We’re told to bring our whole selves to work, but is that always a good thing? Some personalities are problematic – a tendency for violence, for example, wouldn’t be welcome in the workplace – and doubly so in leadership positions.
In a recent LinkedIn post, psychologist and consultant Fiona Beddoes-Jones asked whether ‘being yourself’ is really the only qualification for authentic leadership, with reference to a couple of well-known politicians who are regularly hailed as authentic:
"There's a difference between authentic leadership (little a, little l), and Authentic Leadership (capital A, capital L).
"Whilst it's true to say that both Donald Trump and Boris Johnson are authentic in that they are being true to themselves and their beliefs and values, so too were Adolph Hitler, Bin Laden and Pol Pot. History is littered with such men. All leaders, but not Authentic Leaders.
"My research (with real leaders, not students), identified that there are three key factors to Authentic Leadership. Authentic Leaders are self-aware, self-regulating and ethical."

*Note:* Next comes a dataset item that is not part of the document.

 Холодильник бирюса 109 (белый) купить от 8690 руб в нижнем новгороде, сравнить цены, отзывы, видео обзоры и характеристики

Beddoes-Jones' point is clearly not that Trump or Johnson resemble the likes of Hitler, but rather that authenticity is best understood as a desirable leadership quality, which means that simply being true to what you believe doesn't cut it.
As she explains in a more detailed exposition elsewhere, authenticity connects your personality with your role as a leader. It means not restraining yourself at work for fear you won’t be accepted for who you are, rather than giving yourself carte blanche to do or say whatever you feel like, regardless of the consequences.

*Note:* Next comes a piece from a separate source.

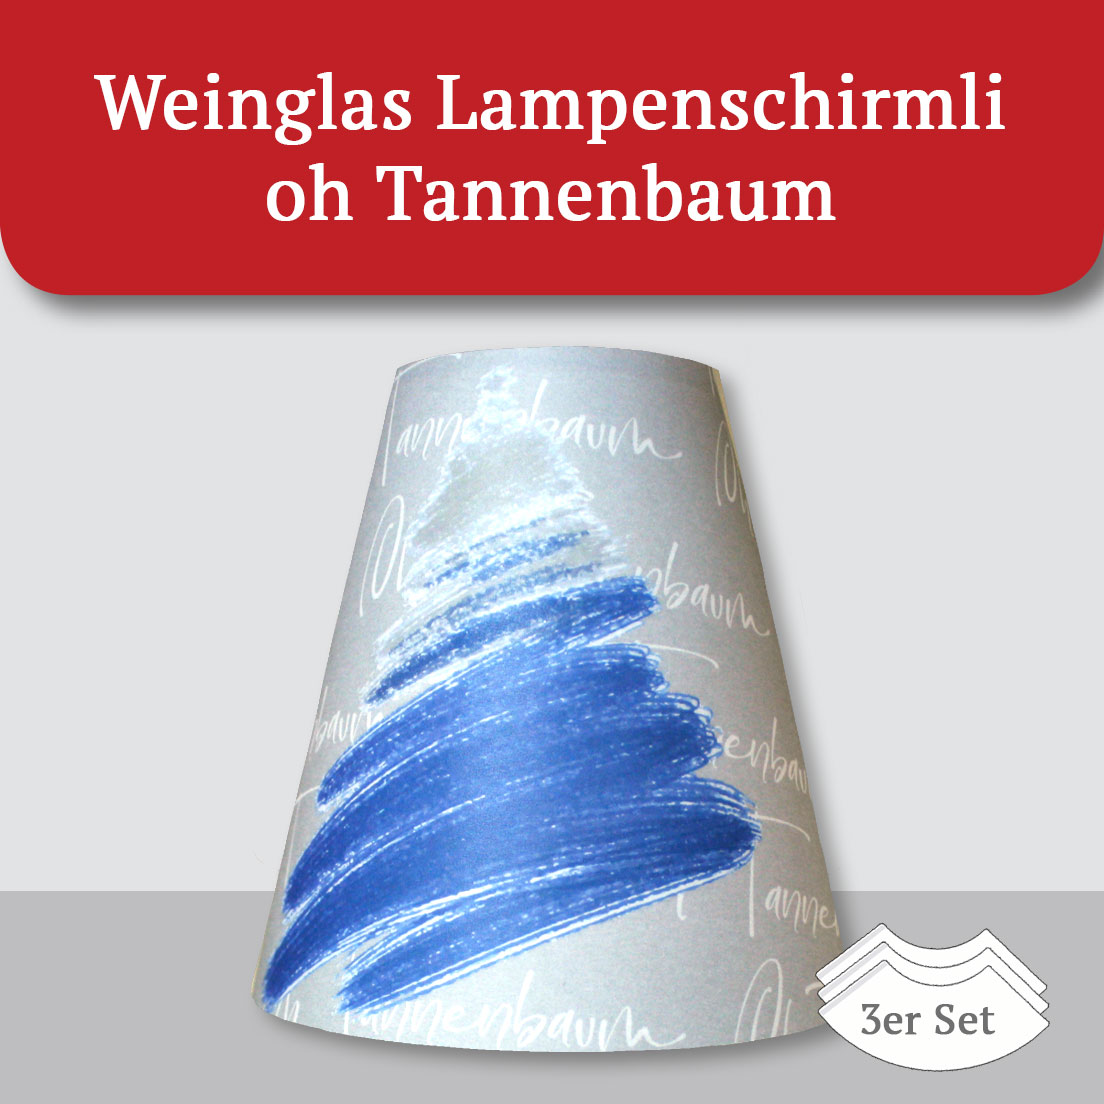 Weinglas Lampenschirmli oh Tannenbaum

Authenticity is therefore perceived as well as expressed, which is where the idea of role modelling serves as a valuable acid test. You don't have to be liked, but if no one who knows you considers you a role model, can you really think you’re an authentic leader?
Sadly, those who lack the quality of authenticity will also lack the self-awareness to ask themselves this question. For everyone else though, it might help find the balance between bringing your whole self to work and bringing out the best of yourself and other people, wherever you go.